Why Public Radio in Rural Alaska Should Not Play Classical Music

nprlogoI have a bone to pick with my “local” public radio station. KUAC is an NPR affiliate based in Fairbanks. I am new to the area so I don’t yet know the history of the station or much more than it is one of three stations I can get clearly here in Tok (one seems to toggle between being a rock station and a country station ?!? and the other is a religious station). I’ve learned that the only reason I can get KUAC/NPR here in Tok is because of the ongoing efforts of a tiny Tok-based nonprofit called Duct Tape Radio that funds/manages the repeater. (More on Duct Tape Radio in an upcoming post!)

So before I rant, I must say I am grateful for any bit of NPR that I can get out here. I crave my Fresh Air with Terry Gross, I long for my Neal Conan of Talk of the Nation, I can’t get enough of Humankind and The World from the BBC. These are my daily touchstones, the familiar voices and fascinating stories that fuel my mind, heart and soul. Being out here in such a rurual area of Alaska, my need for these programs has increased 100 fold.

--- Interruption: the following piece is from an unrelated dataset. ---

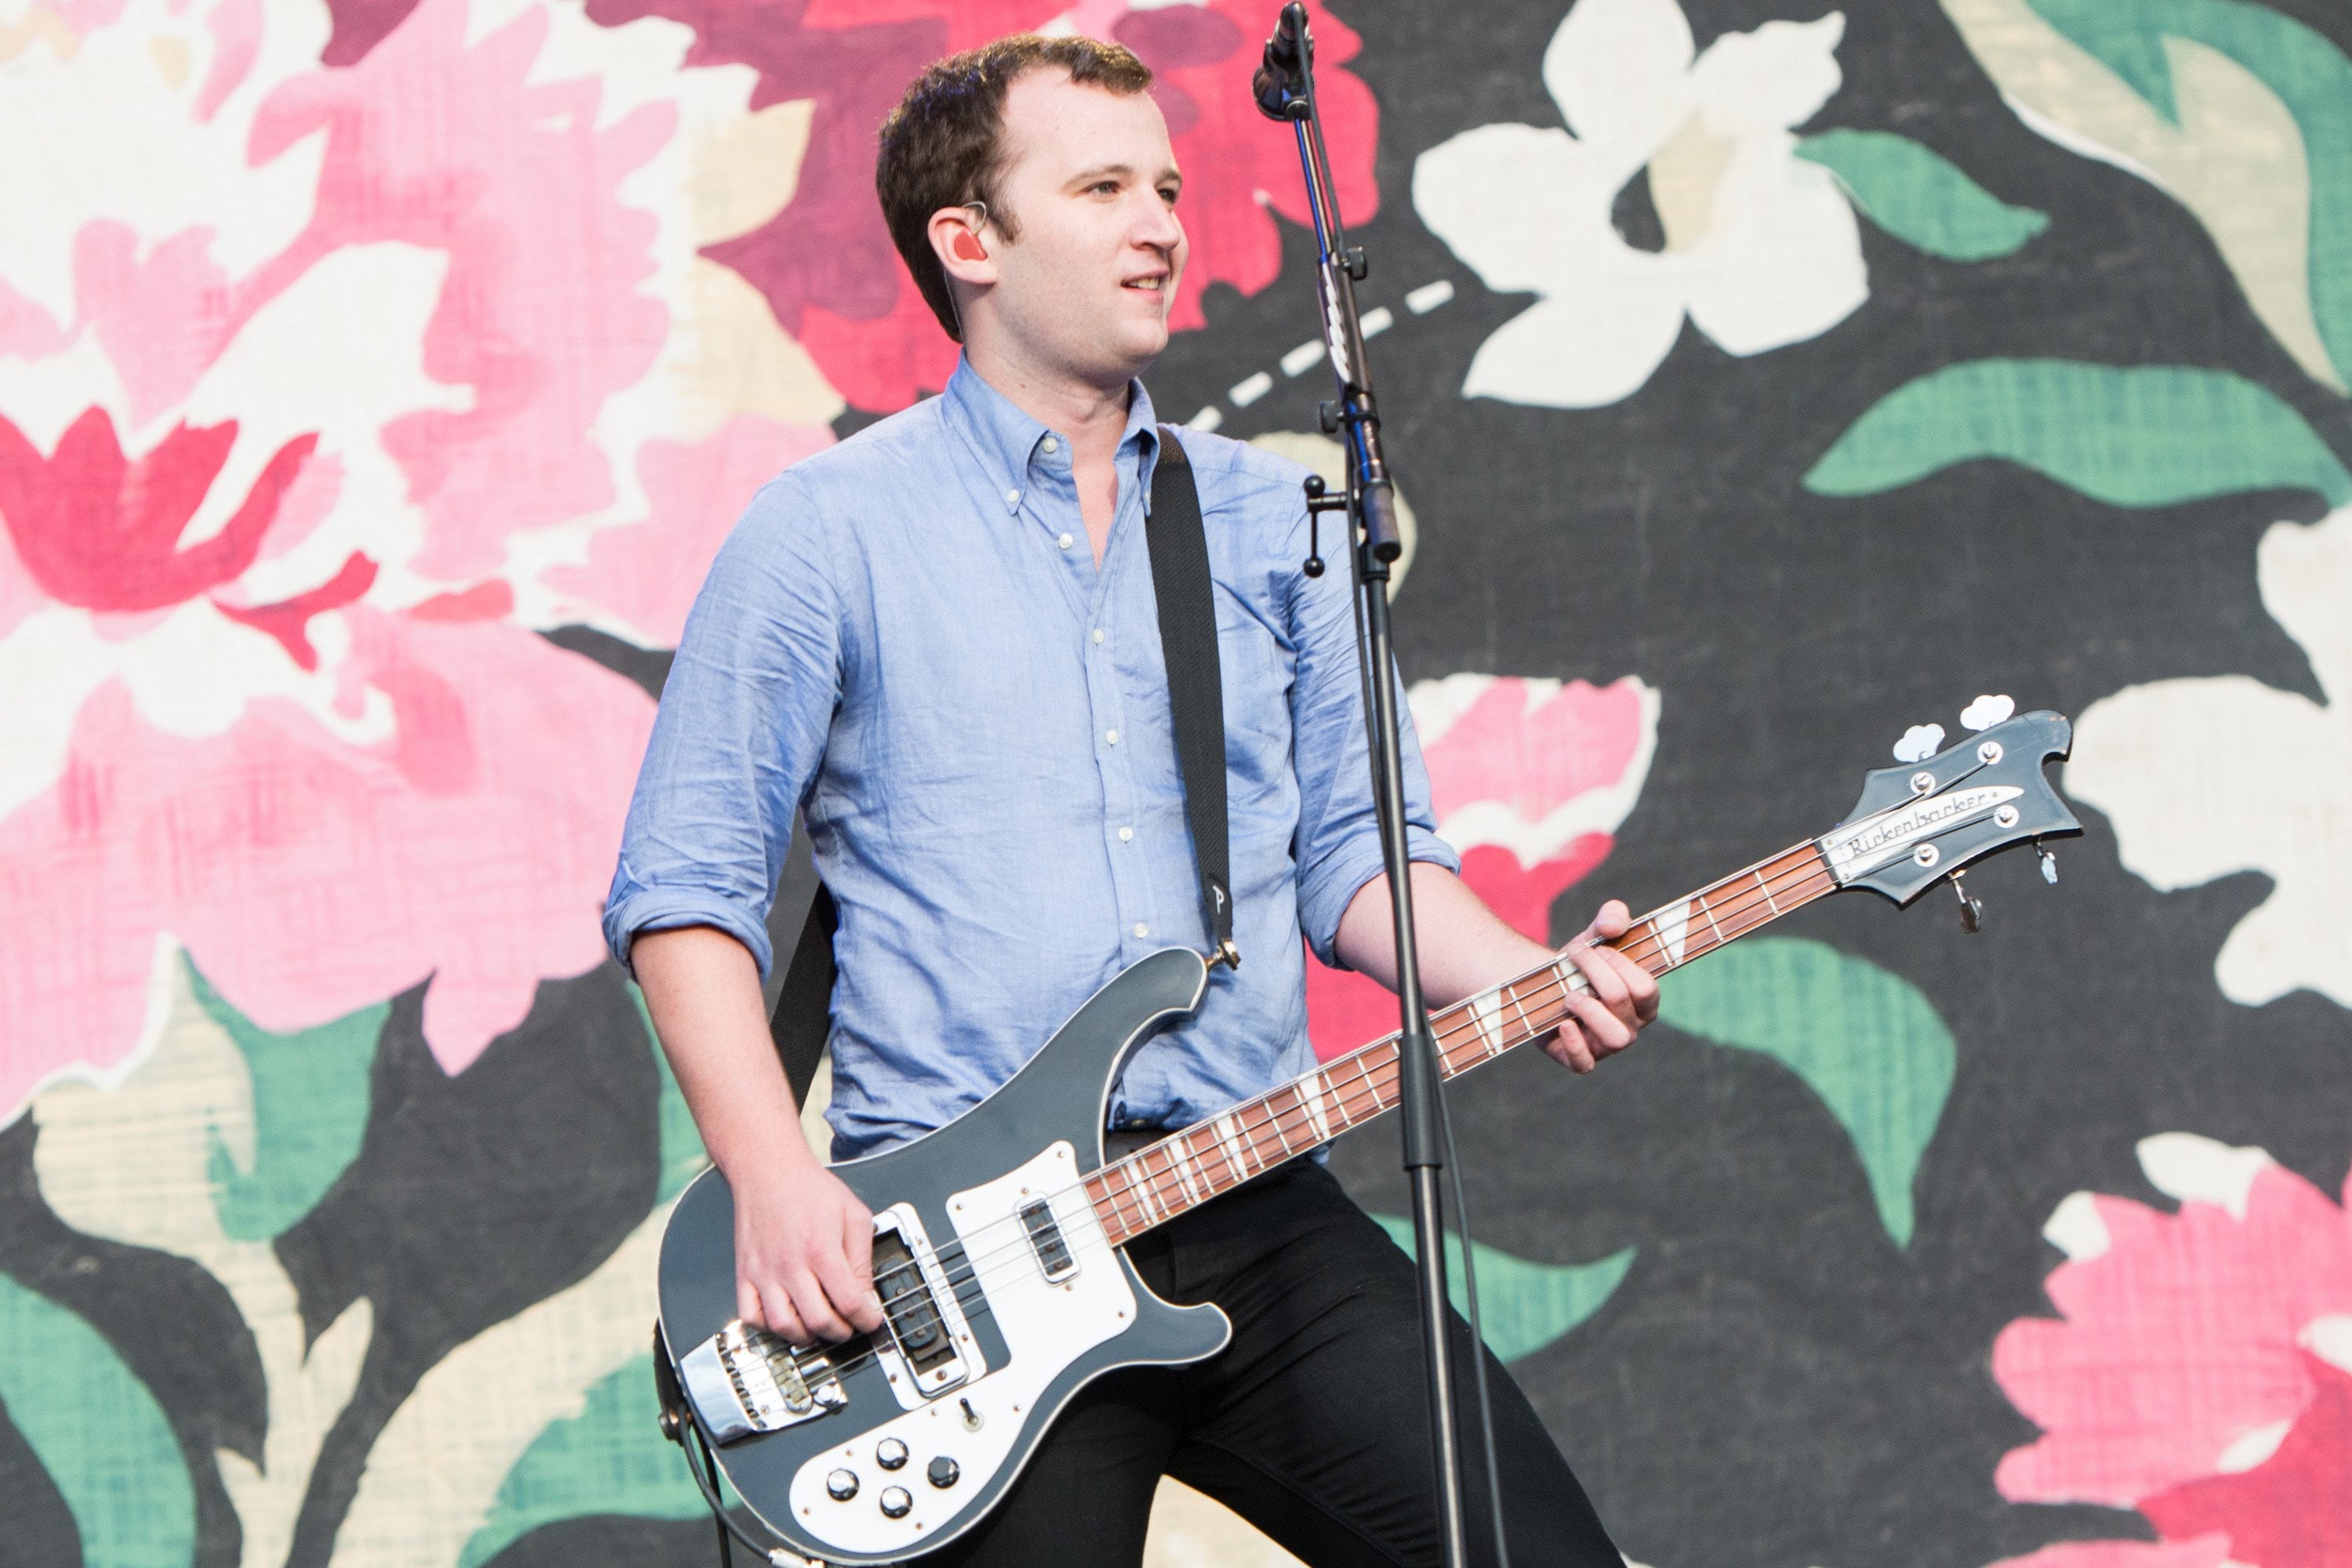 Chris Baio of Vampire Weekend performs at Reading Festival on Aug. 22, 2014, in Reading, England.

But almost every time I turn on KUAC, they are playing classical music. And it really pisses me off.

Okay, I know there are many classical music fans out there. In fact, I was chided by someone in Tok who pointed out that the morning program is Performance Today from American Public Media and that I should be appreciating those fine composers. Whatever. I can appreciate fine composers in the evening when I’m winding down. I don’t mind some classical music after dinner now and then. But when I’m awake, alert and ready to start my day, I want Talk, not Debussy.

I may be overreacting here. Looking at KUAC’s weekday schedule, it shapes up like this:

5am-8:00am – Morning Edition

8-9:00am – Day to Day

9-11am Performance Today (except Tuesdays w/Talk of Alaska from 10-11am and Fridays with Science Fridays from 10am-12pm)

The it is Talk of the Nation, The World, followed by Afternoon Classical Concert. Afternoon Classical Concert?!? Argh

publicradioI don’t know why I’m so irked. I guess I feel that when a station is serving not only the town of Fairbanks but a large swath of rural area of Alaska via repeaters, there could be some time set aside for some relevant, local news and information. I just downloaded the iPhone App called Public Radio Tuner.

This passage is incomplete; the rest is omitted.